Then host the software. Theklan (talk) 22:01, 26 April 2024 (UTC)Reply
Their privacy policy is here. We have the software hosted on the wmcloud[2] but from what I understand it needs to be on production servers and it needs to have a technical team within the WMF dedicated to it before it becomes usable on WP. Doc James (talk · contribs · email) 22:08, 26 April 2024 (UTC)Reply
Hosting it would solve the graphs issue by large. But the WMF approach here is just let the projects die. Theklan (talk) 22:13, 26 April 2024 (UTC)Reply
I certainly hope not. After mobile functionality, "multimedia and rich content" was the second highest request from our readers in a 2015 strategic consultation done by the WMF. Doc James (talk · contribs · email) 01:58, 27 April 2024 (UTC)Reply
And still it is. It is part of our strategy, and what @MIskander-WMF and @SDeckelmann-WMF call "multi-generational pursuit". Still, even if this is strategic, there are exactly zero bytes dedicated to it in the Annual Plan. (Wikimedia_Foundation_Annual_Plan/2024-2025/Goals/Infrastructure, Wikimedia Foundation Annual Plan/2024-2025/Product & Technology OKRs, Talk page where @MMiller (WMF) says that they don't have plans for improving interactive content next year).
It would be great to have the foundation recognizing that we solved one of the problems they have forgotten for months. Instead of that, what we have is a call to stop and refrain from improving our infrastructure, our user's experience, and the re-use of free knowledge material. Theklan (talk) 08:28, 27 April 2024 (UTC)Reply
I think the better solution than asking for consent before loading graphs would be to just host the open source/content OWID stuff on WMF servers.
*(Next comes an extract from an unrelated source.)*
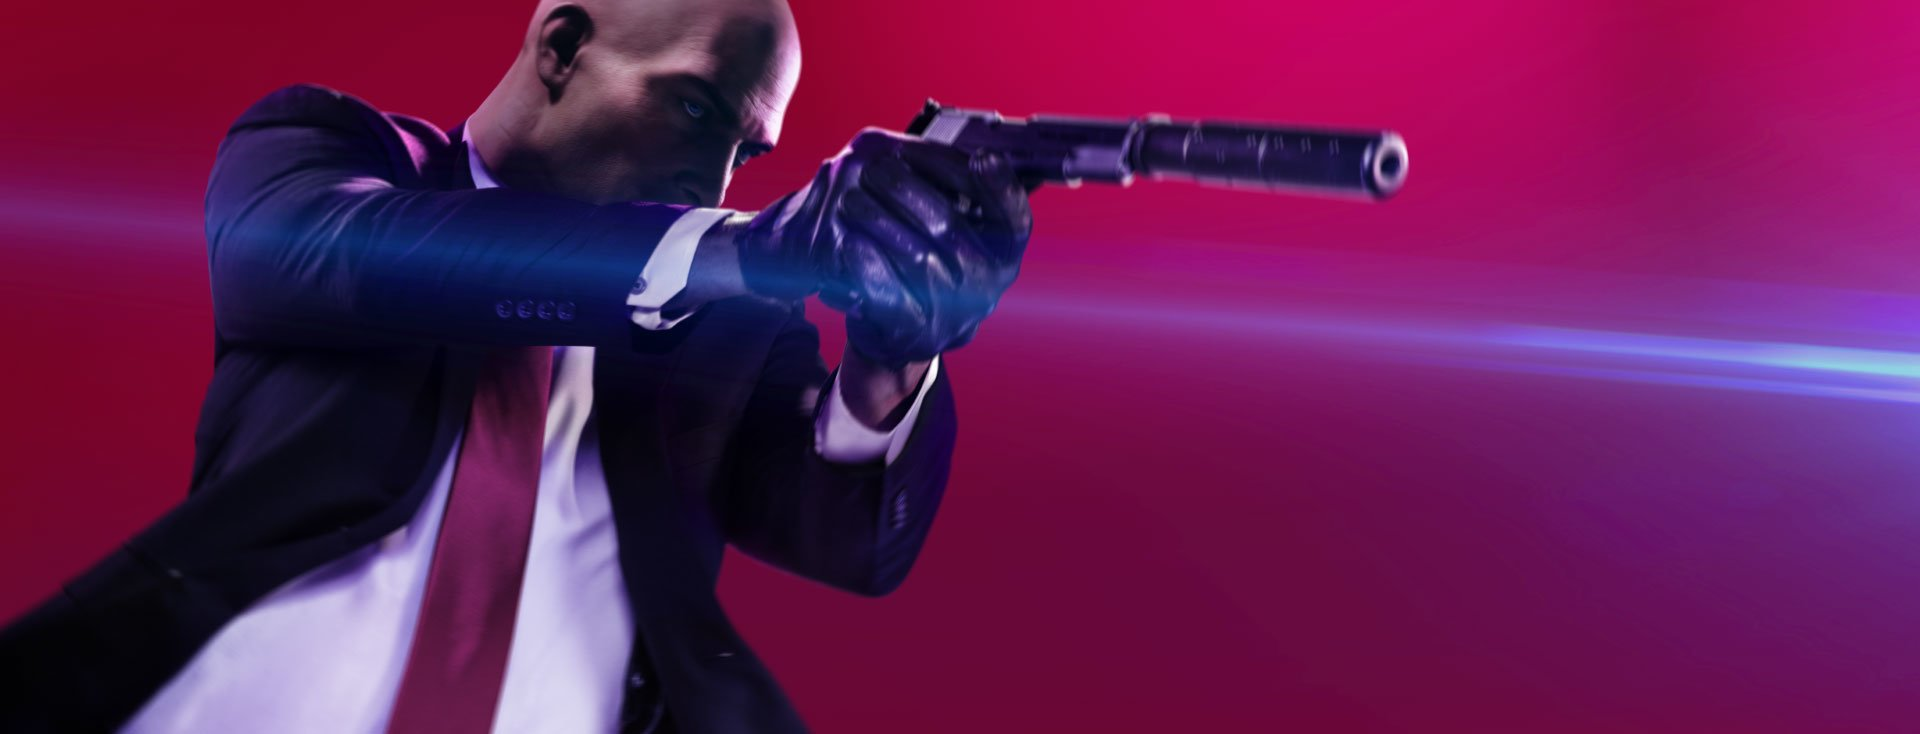 Denuvo upada po raz kolejny - zabezpieczenia do Hitmana 2 złamane na 3 dni przed premierą 27
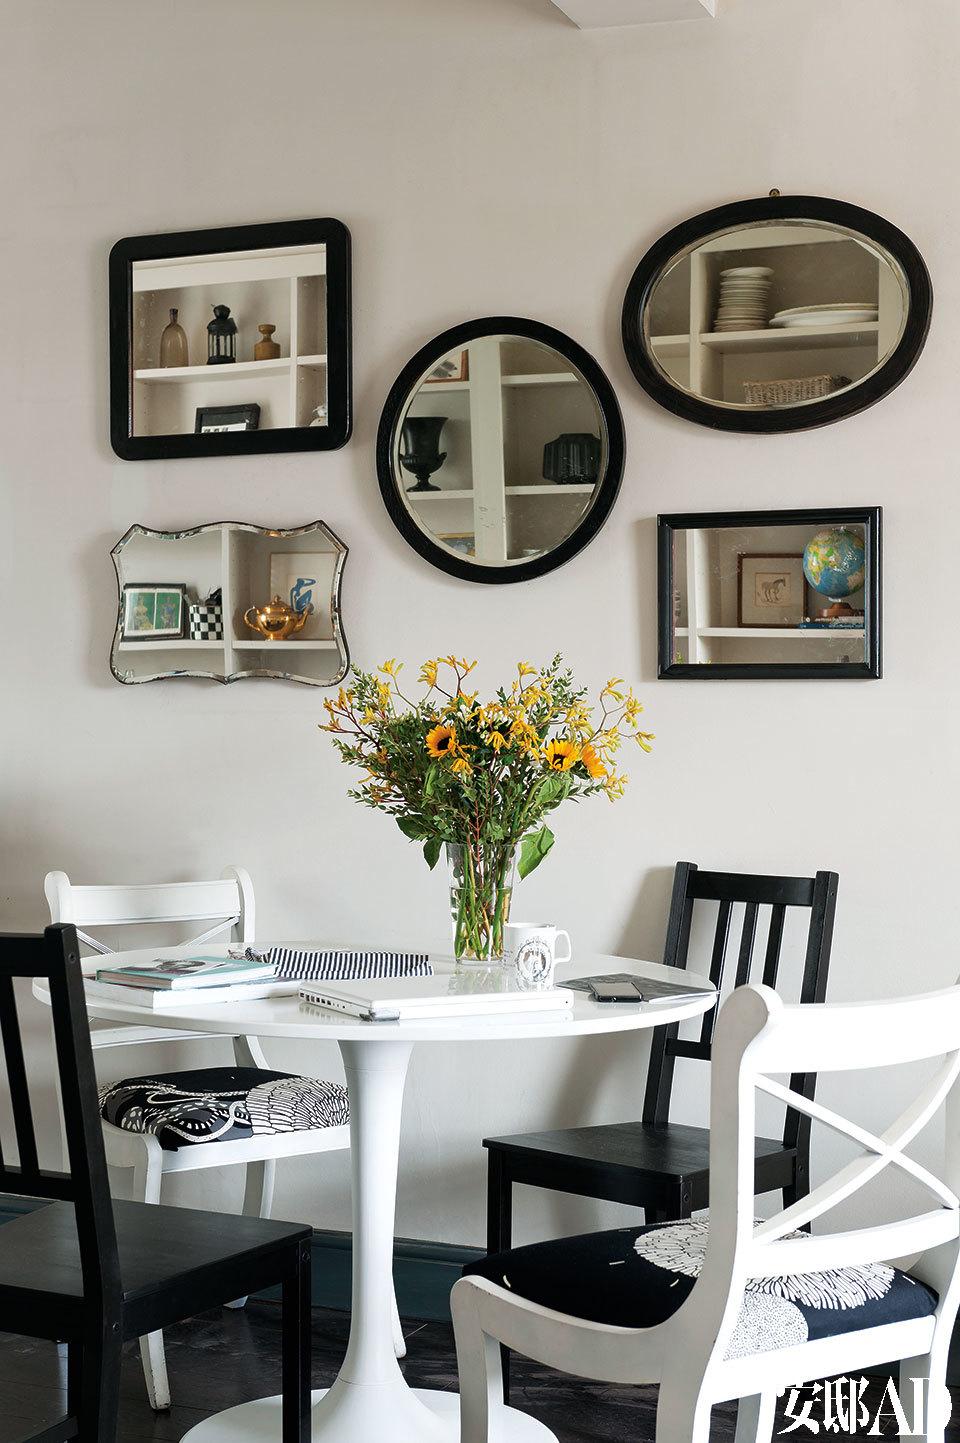 形状不同的复古镜,装饰着餐桌旁的墙面,还倒映出对面储物架上的各式收藏。餐厅就设在客厅的另一头,使用了来自宜家家居的餐桌和黑色厨房座椅,白色座椅则来自Sussex Country Brocante。墙上的装饰镜来自Peanut Vendor。

I haven't followed the prior conversations, could you please briefly explain why this is not/cannot be done here or elsewhere? Maybe this issue could be included in what I proposed here for efficacy. Prototyperspective (talk) 11:56, 7 June 2024 (UTC)Reply
You have part of the discussion here: task T324989. There's no path to interactivity, every option has been closed, banned or not funded. Theklan (talk) 12:37, 7 June 2024 (UTC)Reply
The main objection there seems to be privacy risks due to This mitigation is limited since a maintainer or any malicious actor with access to the WMCS instance could alter the code but I wasn't suggesting this to be hosted on some WMCS instance but on official WMF-maintained Wikimedia servers. Has this option been considered and more devs drawn in to think about how to solve this? Other than that, see the link for what I'd suggest to be done to get more people aware and working on this alongside changing WMF attitude on this. Interactive OWID graphs on Wikipedia are a quite significant reporting-worthy likely-interesting-to-many subject.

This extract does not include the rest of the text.